Se verifichiamo i passaggi normativi riguardo la Salute, troviamo in Costituzione DUE articoli e non uno.
Infatti, fino alla Crisi del Petrolio di quasi 50 anni fa, avevamo l’Istituto Nazionale Assistenza Medica per l’art. 32 e la Mutue dei vari ordini e comparti di lavoro per l’art. 38.

art 32

Poi, nel 1974, mentre esplodeva il costo del petrolio e crollavano la Lira, la Sovranità e il Bengodi italiani, molte Mutue fallirono e le Regioni vennero preposte temporaneamente al Servizio Sanitario.

Che le intenzioni non fossero delle migliori fu chiaro fin dall’inizio: l’idea era quella di assorbire anche le Mutue sane (leggasi ENPAS, con milioni di dipendenti pubblici), onde compensare l’incapienza finanziaria di quelle dei settori sociali incontribuenti.
Ma andò peggio, dato che la storia d’Italia degli Anni ’80 fu un continuo rinnovarsi di bilanci sanitari regionali finiti in tribunale (Corte dei Conti Regionale – CoReCo), fino al crollo della Lira (… un’altra volta) del 1994.

E fu in quegli anni che l’articolo 38 della Costituzione venne del tutto accantonato per passare alla “Sanità Universale”, estendendo ai non contribuenti quello che già il lavoratori si garantivano versando il 9,9% del reddito.

art 38

Letto cosa prevede l’art. 38 e che non c’è più da due generazioni, eccetto per le elite che hanno conservato le Mutue, è evidente che la Sanità Universale consisteva in una ‘spalmatura solidale’ delle risorse, una ‘redistribuzione’ in cui i “lavoratori ai sensi dell’art. 38” provvedevano anche ai “non lavoratori ai sensi dell’art. 32”.
Sarà per questo che sanità e pensioni sono un colabrodo?

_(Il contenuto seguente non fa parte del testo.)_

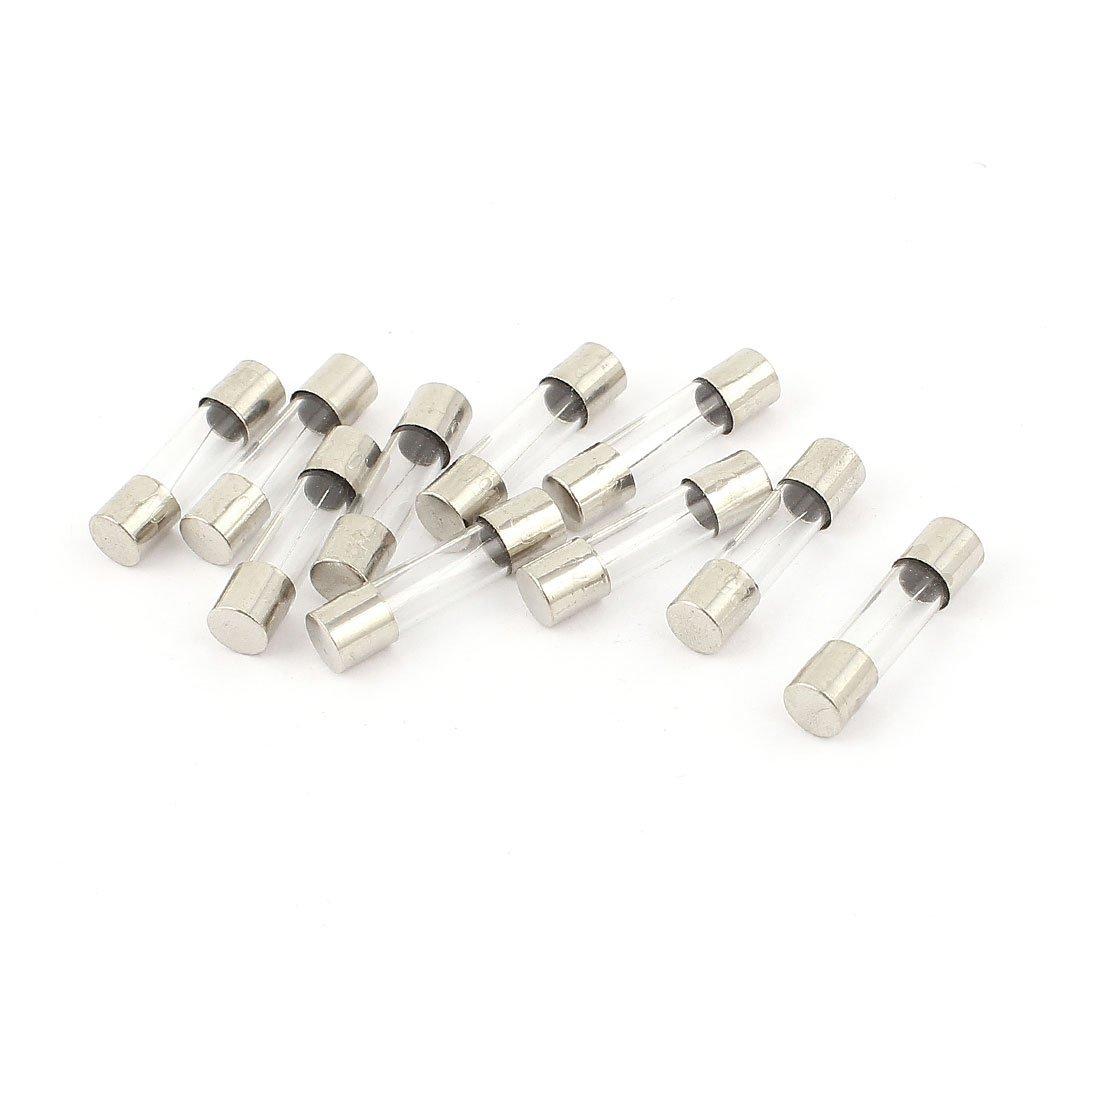 fusion rapide fusibles verre Tubes action rapide 5mm x 20mm sourcingmap/® 10Pcs 250V 4A

Per i nostri ottimisti padri della II Repubblica, l’ipotesi era ‘anglosassone’ con lo Stato controllore, le Regioni amministratrici e le aziende erogatrici: così iniziammo.

Poi, la riforma del Titolo V della Costituzione in cui

  1. lo Stato abdicava ai propri poteri,
  2. le Regioni potevano proseguire con la burocrazia malasanitaria e sprecona condannata ai tempi dei CoReCo,
  3. i CoReCo nel frattempo erano stati depotenziati, 
  4. le ‘Aziende’ (ASL) restavano dei nani ambulatoriali e dei giganti burocratici
  5. le Facoltà Mediche assurgevano ad Enti Territoriali diventando conglomerati di servizi cheap, ricoveri ordinari, pronti soccorsi eccetera, cioè si trasformavano in ‘aziende’, ‘posti di lavoro’ e ‘appalti’.

Arrivati alla terza crisi finanziaria nazionale in cinquant’anni (non dimentichiamolo), l’Italia del III Millennio dovette tirare la cinghia e scegliere se cambiare o mantenere l’esistente.
Era iniziata già anni prima della batosta, con la ‘brillante’ soluzione di mantenere l’esistente (e gli sprechi) con i ‘nostri soldi’ e cambiare, usando i soldi dell’Europa (progetti) … peccato che questi denari erano per il sociale, per la formazione, per l’innovazione, per le reti sociali ma non per la Sanità, intanto divenuta ‘sociosanitaria’ … guarda caso.
Sanità obsoleta e Welfare a progetto: è anche questo il lascito di chi governava le Regioni venti anni fa.

Dicevamo della batosta: anno domini 2010.
Anche stavolta c’era da cambiare o mantenere: tagliare rami morti, innestando quelli nuovi. Furono tagliati i rami deboli, non quelli morti, e di nuovo si è visto poco, perchè le ASL restavano depotenziate e, con loro, i Livelli Essenziali di Assistenza per le malattie croniche e quelle rare.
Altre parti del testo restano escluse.